Your coming here will probably be appreciated by many people who view this thread around the world. There are several questions I would like to ask, but I will keep some of those questions until later. I would hope you would want to answer them, because it would solve many mysteries a number of us often wonder about.

If you don't mind, l would like to talk about the Ballantyne cashmere shawl cardigan made for Harrods in 2008. All that you say about the NM (tex) for the body panels, pockets and trims makes basic sense to a layman like myself, and it is what l thought was probably the case (trims are very thick like a 12 ply, body panel is thinnest like a 4 ply, pockets are slight thicker like a 6 ply....laymans terms) .

https://colourmart.com/about/knitting_properties (simple link for laymen)

Instead of asking too many pesky questions on technical things, l will keep it simple for myself and people who read this.

Main question
I would like to be able to have a cashmere shawl cardigan made to at least a thickness of that collar on the Ballantyne shawl cardigan, ie, the arms and the panels made to the thickness of that collar. Is this possible to do without doubling the two sections together, or would the entire cardigan need to be doubled over like the collar section?

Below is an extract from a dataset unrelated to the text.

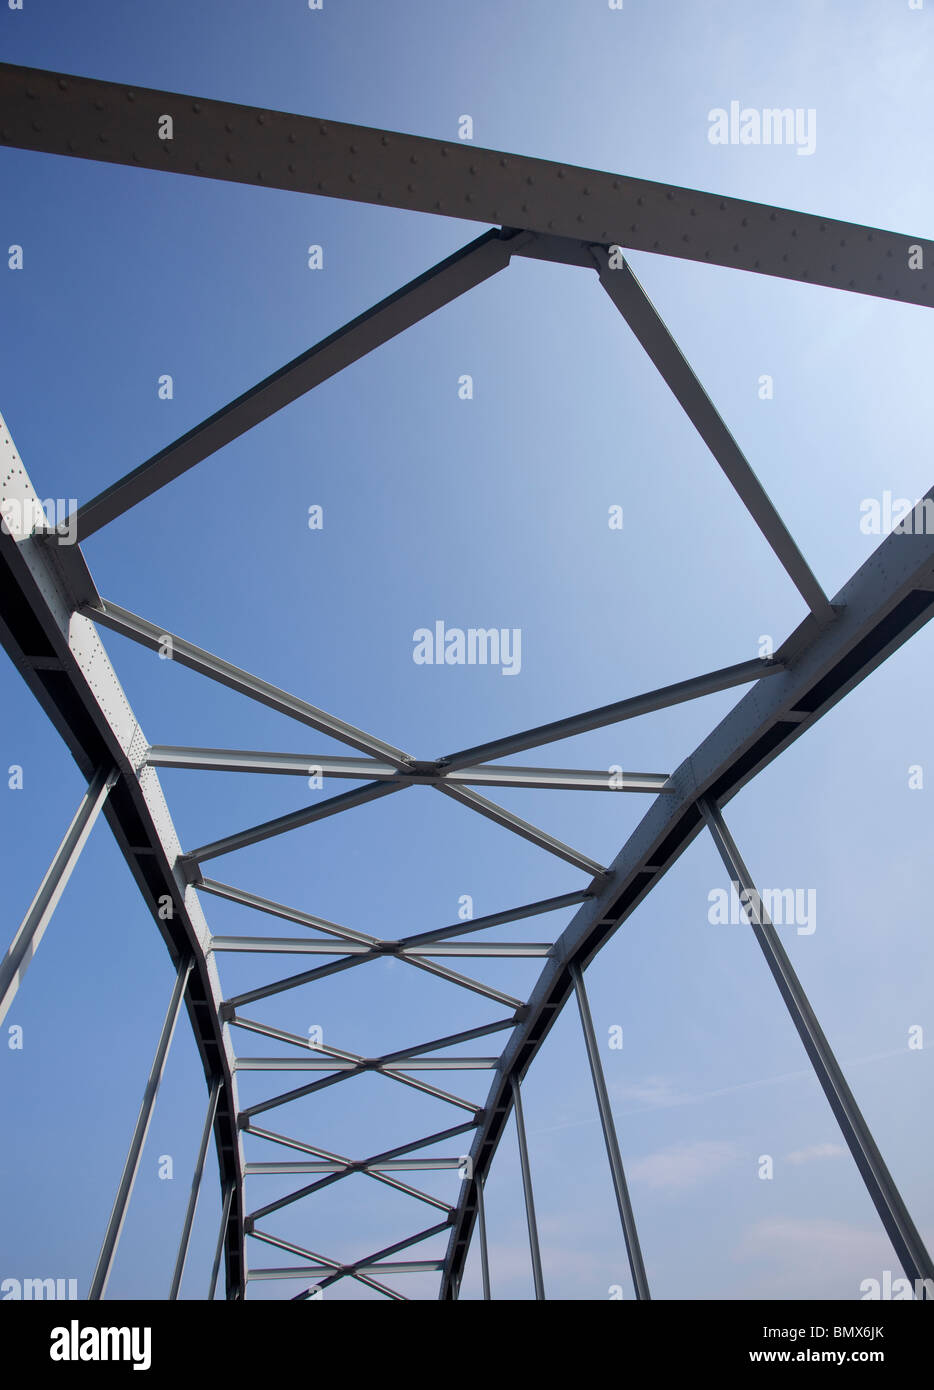 Iron bridge support structure, using riveted steel girders. Stock Photo

Is it possible to make the knit even denser than the Ballantyne collar? Ie, having the density of the trims with the thickness of the collar?

The trim is 2/28's x 6 and is much denser than the collar. Is the collar the same TM (tex) as the trims?



This is very very interesting and makes sense based on the knitwear l have observed. Much of the Italian knitwear is of a loser weave despite having a gauge count as high as the Scottish knitwear (never really made sense until now). I suspect numerous cheaper Scottish knitwear uses machines (loser weave) while the better makers still use hand looms for their best sweaters/jumpers, and it would probably explain why some of the Scottish knitwear is so solid and hard wearing.




Interesting that #ballantynecrazyyank is first on your list. I hope you will let him know of this thread here.

I have some other general questions l would love to ask, but l don't want to overload you with too many at once.

Thanks again for posting here at this forum. I hope my questions are not too dumb, and l hope l am not too ignorant and annoying in the questions l ask.
 
Top blue is the McGeorge 12007 3n machine. 210tex x 2 ends.

The red was a old style knitted for Joseph many years ago. 2.5n machine. If I remember it’s 220tex X 3 ends of wool, body half cardigan stitch and collar was full cardigan stitch.

The last is a pocket of the McGeorge Westway identical to Ballantyne Royce 5n machine 168tex x 2 ends and x 3 pocket tops. It pictured on top of a 12007 collar to show the stitch difference. Oh I forgot the shaped fancy collar on the 12007 jacket is 12n 1/1 with open ends to link on to garment.

Ps knitwear is knitted on a Frame and Cloth is woven on a Loom!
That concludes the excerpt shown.